• Task brief
Taking the line with "Gazetka promocyjna Chata" as the first and the line with "vicksburg road crossing. arizona" as the last, set down the lines below exactly, pictures excluded.

• Information provided

◆ ◆ ◆

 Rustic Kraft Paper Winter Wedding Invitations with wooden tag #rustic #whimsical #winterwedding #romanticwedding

◆ ◆ ◆

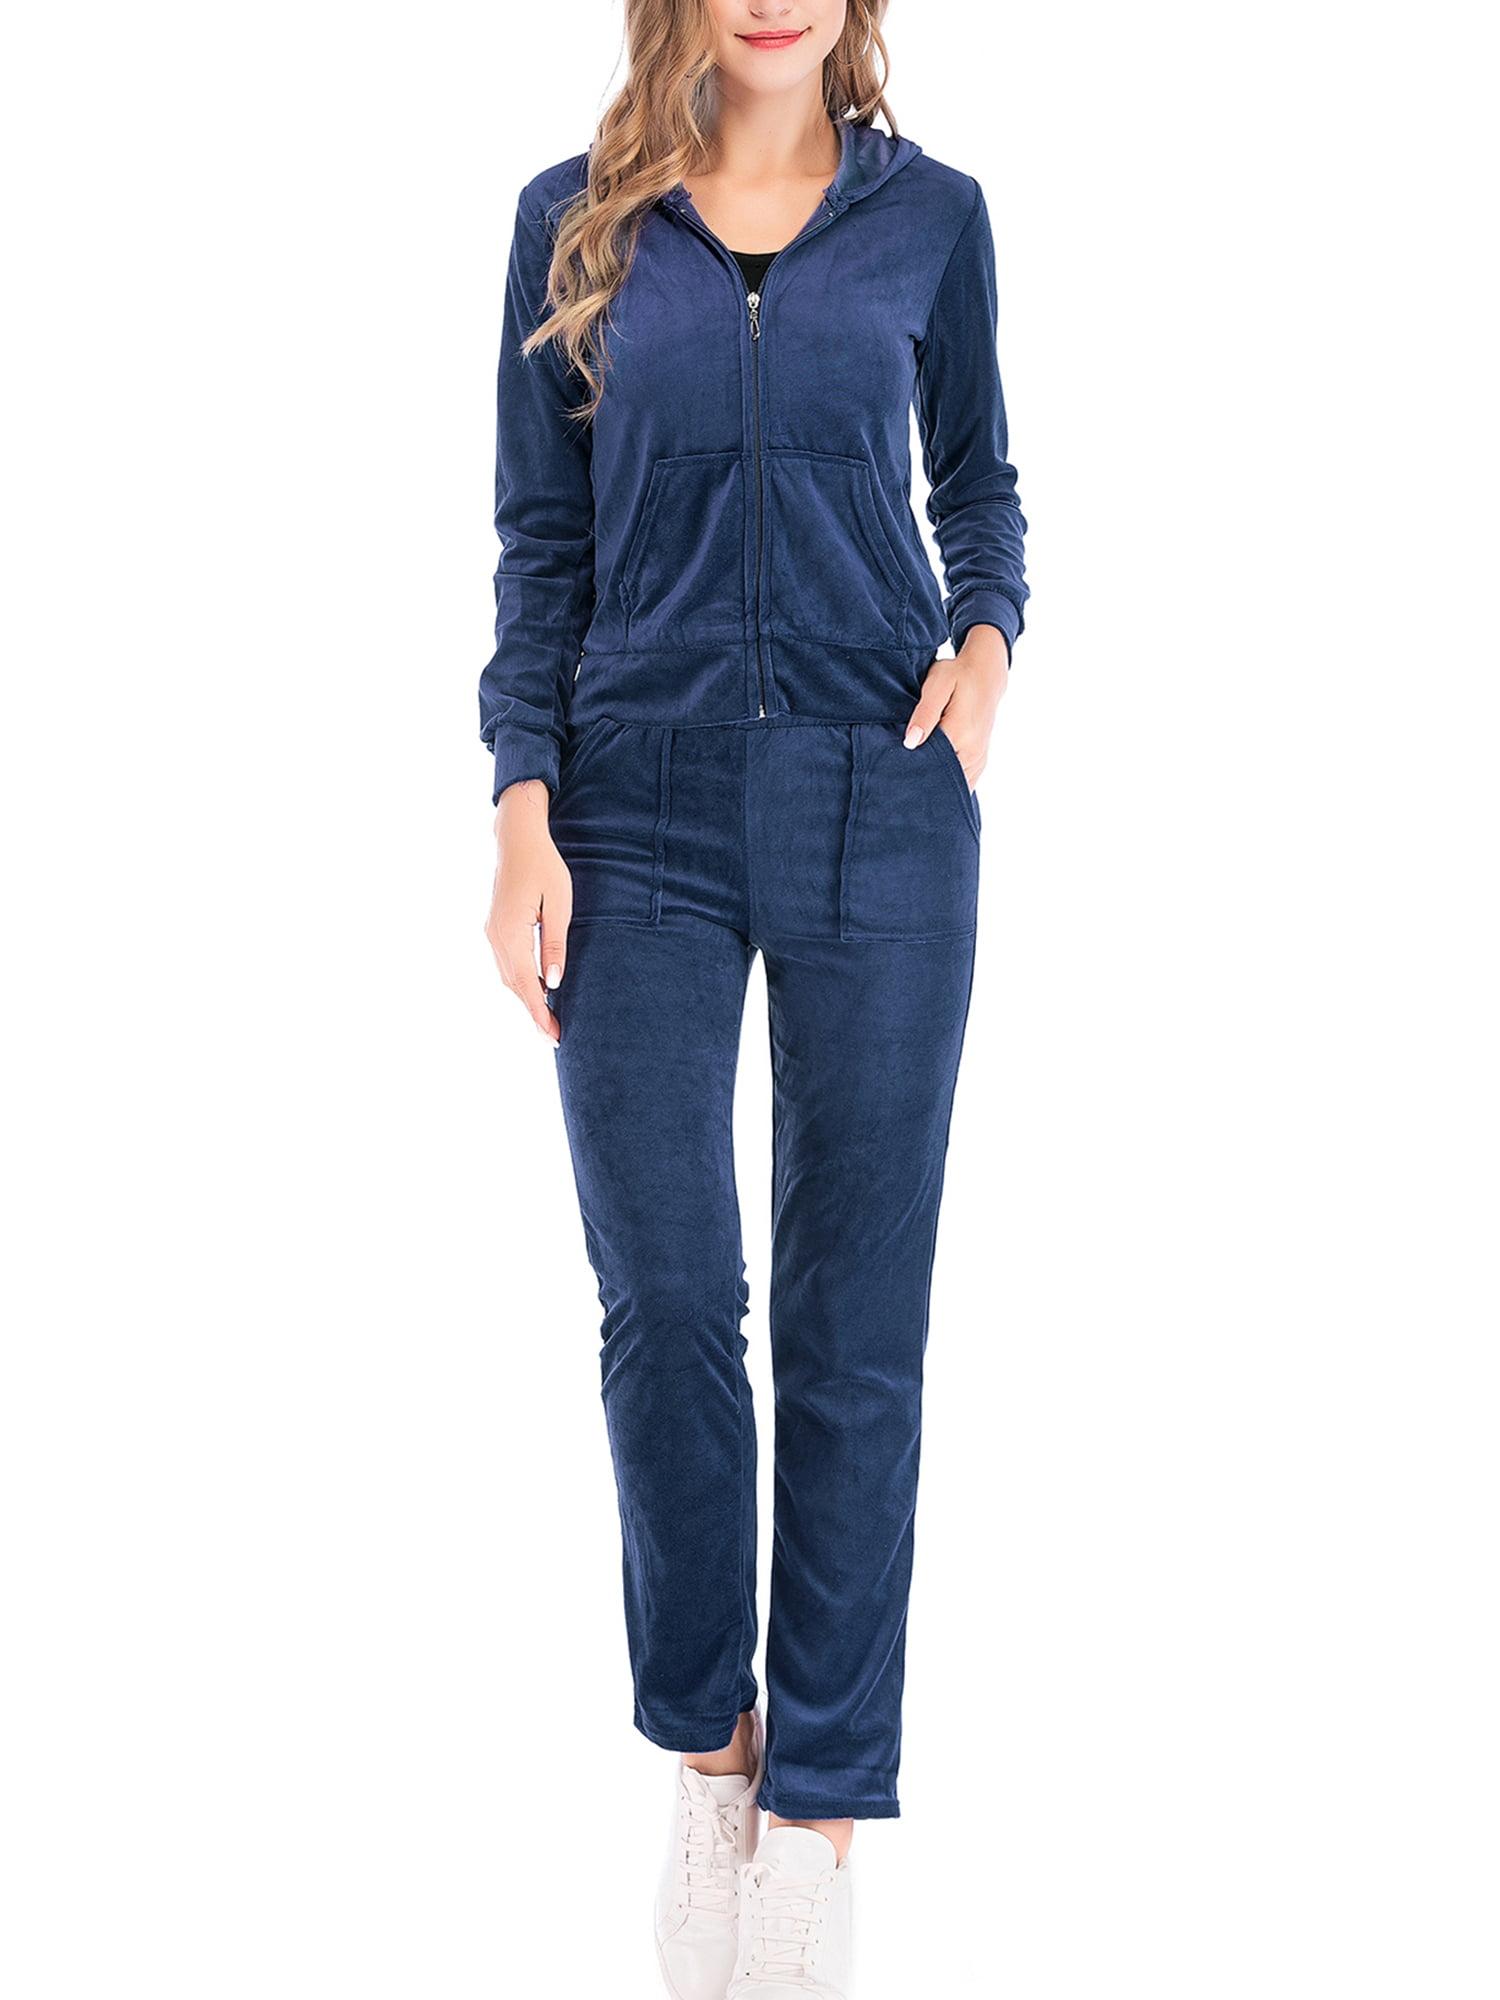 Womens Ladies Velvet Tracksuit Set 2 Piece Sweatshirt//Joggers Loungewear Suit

◆ ◆ ◆

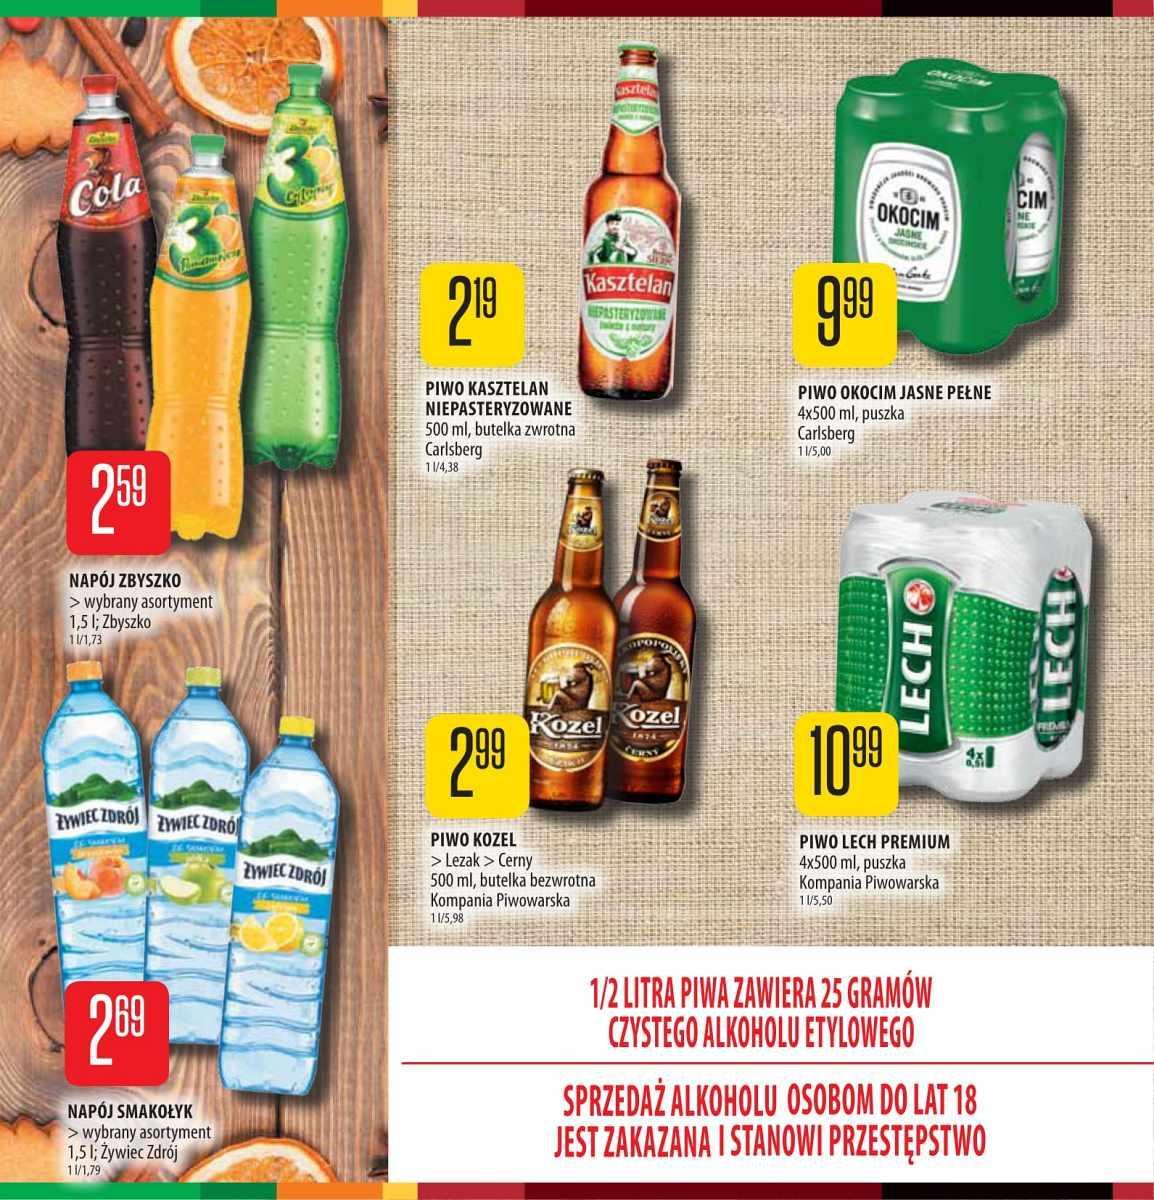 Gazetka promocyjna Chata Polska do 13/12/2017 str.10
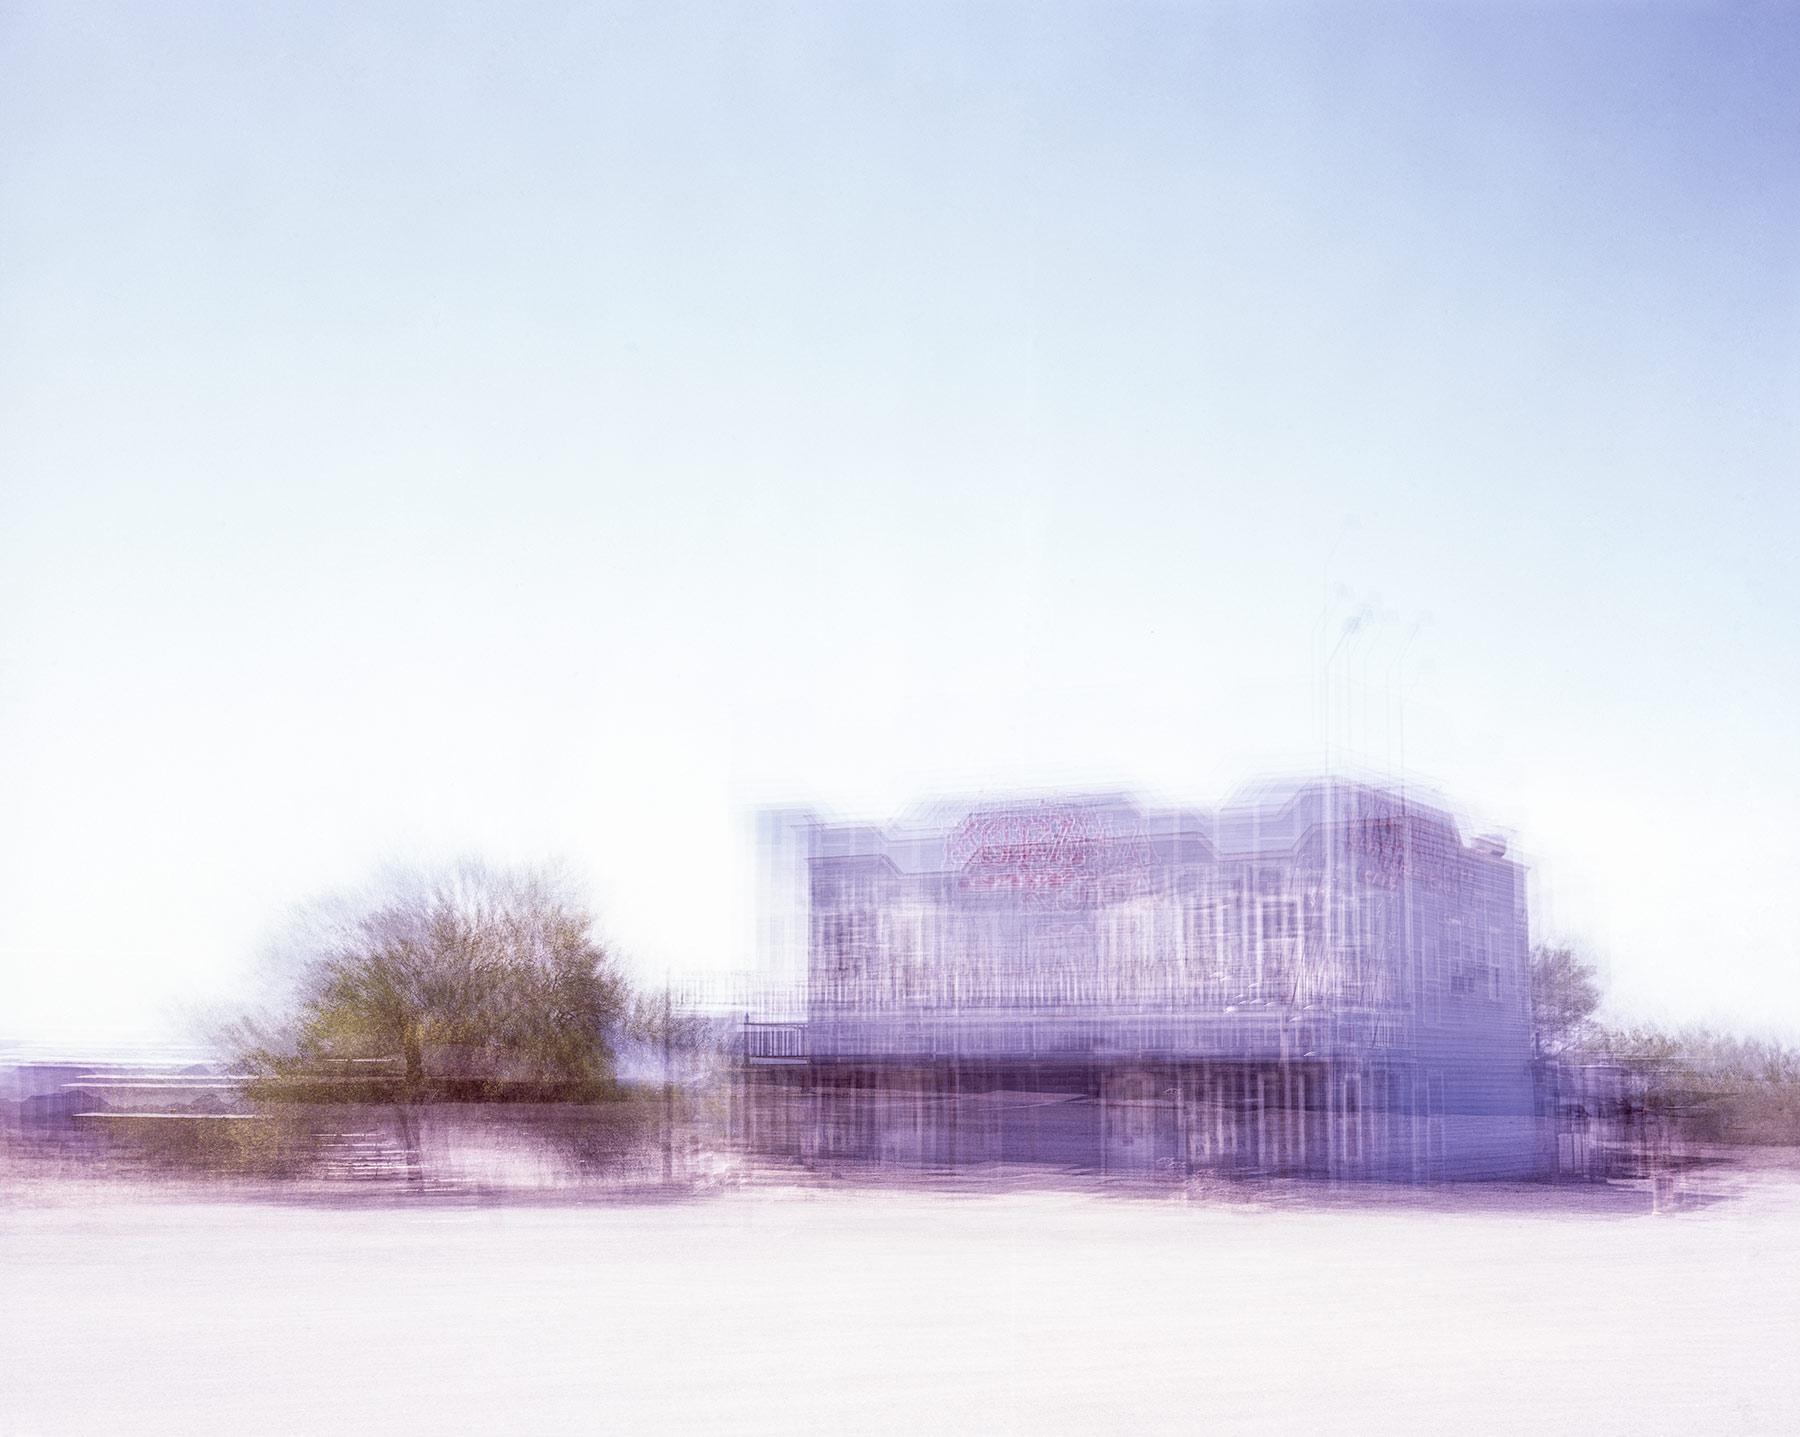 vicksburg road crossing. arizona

◆ ◆ ◆

• Answer for this exercise
 Gazetka promocyjna Chata Polska do 13/12/2017 str.10
 vicksburg road crossing. arizona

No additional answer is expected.